[Study material]:
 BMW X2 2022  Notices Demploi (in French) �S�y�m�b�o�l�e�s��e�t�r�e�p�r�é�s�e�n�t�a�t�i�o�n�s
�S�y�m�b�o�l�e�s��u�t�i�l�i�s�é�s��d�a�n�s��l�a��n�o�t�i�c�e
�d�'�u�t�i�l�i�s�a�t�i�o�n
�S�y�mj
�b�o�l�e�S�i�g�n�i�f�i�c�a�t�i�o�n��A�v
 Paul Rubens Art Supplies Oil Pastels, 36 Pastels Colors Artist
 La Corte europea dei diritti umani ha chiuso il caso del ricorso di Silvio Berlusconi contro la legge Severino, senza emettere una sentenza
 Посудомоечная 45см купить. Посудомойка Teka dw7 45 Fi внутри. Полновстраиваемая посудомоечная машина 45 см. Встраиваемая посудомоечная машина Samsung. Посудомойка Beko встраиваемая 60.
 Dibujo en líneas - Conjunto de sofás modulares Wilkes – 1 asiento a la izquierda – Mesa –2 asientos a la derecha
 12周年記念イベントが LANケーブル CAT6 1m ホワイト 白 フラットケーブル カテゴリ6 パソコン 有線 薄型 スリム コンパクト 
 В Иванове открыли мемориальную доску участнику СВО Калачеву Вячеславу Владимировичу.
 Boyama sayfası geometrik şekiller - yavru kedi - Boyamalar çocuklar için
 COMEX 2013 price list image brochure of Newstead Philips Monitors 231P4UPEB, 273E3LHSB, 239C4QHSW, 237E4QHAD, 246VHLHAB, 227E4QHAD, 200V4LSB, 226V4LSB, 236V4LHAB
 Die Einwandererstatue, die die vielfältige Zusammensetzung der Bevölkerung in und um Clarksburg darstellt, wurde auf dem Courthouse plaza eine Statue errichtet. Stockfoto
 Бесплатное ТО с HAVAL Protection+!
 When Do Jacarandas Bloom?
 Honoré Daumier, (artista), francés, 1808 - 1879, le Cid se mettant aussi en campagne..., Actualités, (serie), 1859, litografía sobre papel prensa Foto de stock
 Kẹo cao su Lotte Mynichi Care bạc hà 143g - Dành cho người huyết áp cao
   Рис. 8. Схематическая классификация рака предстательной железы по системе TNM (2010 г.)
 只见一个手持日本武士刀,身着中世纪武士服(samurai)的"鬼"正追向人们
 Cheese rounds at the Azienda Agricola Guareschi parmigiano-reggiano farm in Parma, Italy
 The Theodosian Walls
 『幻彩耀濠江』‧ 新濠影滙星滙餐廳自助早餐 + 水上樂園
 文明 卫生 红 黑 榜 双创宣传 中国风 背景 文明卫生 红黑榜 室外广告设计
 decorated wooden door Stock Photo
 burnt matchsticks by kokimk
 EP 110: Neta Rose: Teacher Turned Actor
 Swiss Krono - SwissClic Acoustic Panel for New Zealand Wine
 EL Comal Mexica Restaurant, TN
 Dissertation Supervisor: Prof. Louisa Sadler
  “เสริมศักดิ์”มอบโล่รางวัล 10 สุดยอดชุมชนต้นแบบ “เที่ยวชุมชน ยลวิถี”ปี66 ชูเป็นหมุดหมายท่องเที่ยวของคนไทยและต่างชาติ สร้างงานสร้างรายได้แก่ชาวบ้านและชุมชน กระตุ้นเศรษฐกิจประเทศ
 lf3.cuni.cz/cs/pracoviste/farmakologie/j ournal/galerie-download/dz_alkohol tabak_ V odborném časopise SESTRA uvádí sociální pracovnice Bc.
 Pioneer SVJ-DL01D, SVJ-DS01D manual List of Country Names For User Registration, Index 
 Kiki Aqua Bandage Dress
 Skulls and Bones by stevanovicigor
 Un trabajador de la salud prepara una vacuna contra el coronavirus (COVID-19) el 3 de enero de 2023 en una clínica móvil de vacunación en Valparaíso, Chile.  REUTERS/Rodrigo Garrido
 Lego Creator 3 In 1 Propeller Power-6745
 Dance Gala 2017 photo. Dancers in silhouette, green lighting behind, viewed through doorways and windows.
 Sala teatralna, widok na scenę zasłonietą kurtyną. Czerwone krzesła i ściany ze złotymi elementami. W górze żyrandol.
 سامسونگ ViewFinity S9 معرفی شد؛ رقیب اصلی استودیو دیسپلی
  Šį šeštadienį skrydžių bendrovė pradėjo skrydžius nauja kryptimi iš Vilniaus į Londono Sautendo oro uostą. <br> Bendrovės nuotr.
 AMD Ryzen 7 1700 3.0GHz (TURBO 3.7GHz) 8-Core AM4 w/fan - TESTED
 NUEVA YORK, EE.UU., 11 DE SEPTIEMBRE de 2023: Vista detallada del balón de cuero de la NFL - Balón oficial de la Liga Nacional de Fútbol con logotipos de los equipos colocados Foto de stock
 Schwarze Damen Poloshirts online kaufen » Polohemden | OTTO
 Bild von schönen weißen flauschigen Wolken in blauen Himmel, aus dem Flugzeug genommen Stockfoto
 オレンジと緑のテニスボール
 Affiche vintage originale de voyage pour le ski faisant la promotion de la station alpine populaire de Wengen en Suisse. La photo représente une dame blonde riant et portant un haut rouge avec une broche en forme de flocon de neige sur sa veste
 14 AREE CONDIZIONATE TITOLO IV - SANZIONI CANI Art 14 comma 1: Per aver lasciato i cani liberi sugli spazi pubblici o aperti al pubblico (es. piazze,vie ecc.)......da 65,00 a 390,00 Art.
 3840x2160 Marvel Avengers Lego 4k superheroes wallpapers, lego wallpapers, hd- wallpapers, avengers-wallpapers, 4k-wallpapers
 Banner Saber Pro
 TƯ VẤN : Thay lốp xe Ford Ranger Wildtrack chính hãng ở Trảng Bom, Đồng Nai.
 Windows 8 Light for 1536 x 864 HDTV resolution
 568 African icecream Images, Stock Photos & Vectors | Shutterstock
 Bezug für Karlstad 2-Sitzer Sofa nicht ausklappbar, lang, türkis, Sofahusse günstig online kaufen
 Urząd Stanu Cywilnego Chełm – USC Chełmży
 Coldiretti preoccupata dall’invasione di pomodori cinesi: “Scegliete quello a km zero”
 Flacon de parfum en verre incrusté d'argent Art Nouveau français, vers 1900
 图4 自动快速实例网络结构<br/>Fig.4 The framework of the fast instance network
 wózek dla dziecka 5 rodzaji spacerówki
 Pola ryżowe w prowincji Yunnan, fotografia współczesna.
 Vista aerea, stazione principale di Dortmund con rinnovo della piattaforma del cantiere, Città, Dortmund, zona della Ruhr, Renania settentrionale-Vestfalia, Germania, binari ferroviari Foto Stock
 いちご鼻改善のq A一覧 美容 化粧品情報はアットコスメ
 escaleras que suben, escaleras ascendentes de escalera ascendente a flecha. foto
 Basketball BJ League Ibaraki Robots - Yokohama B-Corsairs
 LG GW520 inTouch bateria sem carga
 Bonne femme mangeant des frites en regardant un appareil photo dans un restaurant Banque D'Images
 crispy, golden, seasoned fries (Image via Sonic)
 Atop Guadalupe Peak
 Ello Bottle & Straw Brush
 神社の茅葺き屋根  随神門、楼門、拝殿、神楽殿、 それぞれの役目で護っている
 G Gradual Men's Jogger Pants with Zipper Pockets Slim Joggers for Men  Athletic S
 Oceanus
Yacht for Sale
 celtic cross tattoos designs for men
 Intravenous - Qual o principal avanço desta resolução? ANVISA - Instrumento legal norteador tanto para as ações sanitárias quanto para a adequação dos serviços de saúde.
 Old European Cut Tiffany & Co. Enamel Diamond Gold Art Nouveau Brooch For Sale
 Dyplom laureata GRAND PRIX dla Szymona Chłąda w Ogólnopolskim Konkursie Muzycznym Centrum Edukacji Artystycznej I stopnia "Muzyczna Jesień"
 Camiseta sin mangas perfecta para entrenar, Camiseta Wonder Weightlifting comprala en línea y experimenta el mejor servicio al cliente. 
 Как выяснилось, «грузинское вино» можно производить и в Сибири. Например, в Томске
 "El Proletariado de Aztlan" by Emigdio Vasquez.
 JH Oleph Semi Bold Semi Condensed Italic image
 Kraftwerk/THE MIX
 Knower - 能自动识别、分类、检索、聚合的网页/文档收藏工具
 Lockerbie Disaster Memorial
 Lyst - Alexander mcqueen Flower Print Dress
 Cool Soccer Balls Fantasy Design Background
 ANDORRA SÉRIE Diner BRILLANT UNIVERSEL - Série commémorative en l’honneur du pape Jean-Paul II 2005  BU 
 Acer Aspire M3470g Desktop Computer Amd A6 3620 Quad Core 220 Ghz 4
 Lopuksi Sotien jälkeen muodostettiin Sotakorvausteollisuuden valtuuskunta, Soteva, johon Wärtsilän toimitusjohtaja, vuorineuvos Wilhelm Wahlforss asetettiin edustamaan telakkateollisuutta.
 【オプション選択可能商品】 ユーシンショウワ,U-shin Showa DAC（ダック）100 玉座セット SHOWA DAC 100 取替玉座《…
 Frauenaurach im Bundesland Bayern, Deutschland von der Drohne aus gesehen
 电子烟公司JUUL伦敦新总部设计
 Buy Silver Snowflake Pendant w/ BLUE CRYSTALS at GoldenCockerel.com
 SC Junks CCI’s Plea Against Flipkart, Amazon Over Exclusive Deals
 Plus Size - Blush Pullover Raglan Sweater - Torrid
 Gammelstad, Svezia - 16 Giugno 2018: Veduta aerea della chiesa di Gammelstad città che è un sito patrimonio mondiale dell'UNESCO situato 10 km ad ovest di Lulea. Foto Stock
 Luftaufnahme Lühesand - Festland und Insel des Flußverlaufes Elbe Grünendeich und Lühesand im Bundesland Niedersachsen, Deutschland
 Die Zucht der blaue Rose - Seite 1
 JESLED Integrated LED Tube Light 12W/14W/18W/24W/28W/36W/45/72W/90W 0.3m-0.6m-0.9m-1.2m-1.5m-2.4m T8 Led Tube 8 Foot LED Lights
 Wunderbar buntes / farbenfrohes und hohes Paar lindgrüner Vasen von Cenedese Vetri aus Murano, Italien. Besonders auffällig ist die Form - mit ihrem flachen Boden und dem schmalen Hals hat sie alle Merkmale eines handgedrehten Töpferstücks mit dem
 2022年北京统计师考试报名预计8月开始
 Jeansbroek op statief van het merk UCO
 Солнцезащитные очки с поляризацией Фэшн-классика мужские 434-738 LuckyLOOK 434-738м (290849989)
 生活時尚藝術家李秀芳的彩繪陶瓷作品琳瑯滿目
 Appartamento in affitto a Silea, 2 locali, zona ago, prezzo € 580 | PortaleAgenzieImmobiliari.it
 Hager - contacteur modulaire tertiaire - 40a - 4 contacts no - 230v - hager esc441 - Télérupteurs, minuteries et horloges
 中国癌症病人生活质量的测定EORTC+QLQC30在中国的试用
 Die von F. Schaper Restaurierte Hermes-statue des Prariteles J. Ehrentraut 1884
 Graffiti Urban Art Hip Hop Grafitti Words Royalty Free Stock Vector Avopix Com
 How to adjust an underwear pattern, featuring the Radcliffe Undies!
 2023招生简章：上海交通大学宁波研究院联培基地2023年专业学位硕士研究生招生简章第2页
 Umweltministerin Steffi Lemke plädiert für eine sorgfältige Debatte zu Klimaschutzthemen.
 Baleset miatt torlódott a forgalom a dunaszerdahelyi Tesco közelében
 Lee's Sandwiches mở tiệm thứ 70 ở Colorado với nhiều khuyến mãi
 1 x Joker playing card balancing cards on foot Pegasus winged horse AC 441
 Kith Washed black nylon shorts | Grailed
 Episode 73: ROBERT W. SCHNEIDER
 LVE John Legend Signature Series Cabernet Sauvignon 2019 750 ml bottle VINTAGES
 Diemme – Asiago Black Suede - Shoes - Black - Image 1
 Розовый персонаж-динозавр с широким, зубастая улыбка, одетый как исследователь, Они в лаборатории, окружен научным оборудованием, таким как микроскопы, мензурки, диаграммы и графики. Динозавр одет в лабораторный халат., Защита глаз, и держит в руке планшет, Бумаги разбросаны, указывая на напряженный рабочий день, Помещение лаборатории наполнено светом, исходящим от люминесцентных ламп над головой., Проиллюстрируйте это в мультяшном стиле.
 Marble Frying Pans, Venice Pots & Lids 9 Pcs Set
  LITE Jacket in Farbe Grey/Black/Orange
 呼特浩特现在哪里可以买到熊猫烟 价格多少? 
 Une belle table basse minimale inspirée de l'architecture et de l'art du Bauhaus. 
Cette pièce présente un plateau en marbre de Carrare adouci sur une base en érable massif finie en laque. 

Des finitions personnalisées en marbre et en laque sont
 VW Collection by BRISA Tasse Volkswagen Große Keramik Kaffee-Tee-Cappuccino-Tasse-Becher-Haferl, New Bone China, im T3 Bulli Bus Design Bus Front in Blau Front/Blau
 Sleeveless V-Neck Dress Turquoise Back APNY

[Directions]:
Please reproduce, exactly as they appear above, the lines from the line containing "Plus Size - Blush" up to and including the line containing "Lee's Sandwiches mở".

[Result]:
 Plus Size - Blush Pullover Raglan Sweater - Torrid
 Gammelstad, Svezia - 16 Giugno 2018: Veduta aerea della chiesa di Gammelstad città che è un sito patrimonio mondiale dell'UNESCO situato 10 km ad ovest di Lulea. Foto Stock
 Luftaufnahme Lühesand - Festland und Insel des Flußverlaufes Elbe Grünendeich und Lühesand im Bundesland Niedersachsen, Deutschland
 Die Zucht der blaue Rose - Seite 1
 JESLED Integrated LED Tube Light 12W/14W/18W/24W/28W/36W/45/72W/90W 0.3m-0.6m-0.9m-1.2m-1.5m-2.4m T8 Led Tube 8 Foot LED Lights
 Wunderbar buntes / farbenfrohes und hohes Paar lindgrüner Vasen von Cenedese Vetri aus Murano, Italien. Besonders auffällig ist die Form - mit ihrem flachen Boden und dem schmalen Hals hat sie alle Merkmale eines handgedrehten Töpferstücks mit dem
 2022年北京统计师考试报名预计8月开始
 Jeansbroek op statief van het merk UCO
 Солнцезащитные очки с поляризацией Фэшн-классика мужские 434-738 LuckyLOOK 434-738м (290849989)
 生活時尚藝術家李秀芳的彩繪陶瓷作品琳瑯滿目
 Appartamento in affitto a Silea, 2 locali, zona ago, prezzo € 580 | PortaleAgenzieImmobiliari.it
 Hager - contacteur modulaire tertiaire - 40a - 4 contacts no - 230v - hager esc441 - Télérupteurs, minuteries et horloges
 中国癌症病人生活质量的测定EORTC+QLQC30在中国的试用
 Die von F. Schaper Restaurierte Hermes-statue des Prariteles J. Ehrentraut 1884
 Graffiti Urban Art Hip Hop Grafitti Words Royalty Free Stock Vector Avopix Com
 How to adjust an underwear pattern, featuring the Radcliffe Undies!
 2023招生简章：上海交通大学宁波研究院联培基地2023年专业学位硕士研究生招生简章第2页
 Umweltministerin Steffi Lemke plädiert für eine sorgfältige Debatte zu Klimaschutzthemen.
 Baleset miatt torlódott a forgalom a dunaszerdahelyi Tesco közelében
 Lee's Sandwiches mở tiệm thứ 70 ở Colorado với nhiều khuyến mãi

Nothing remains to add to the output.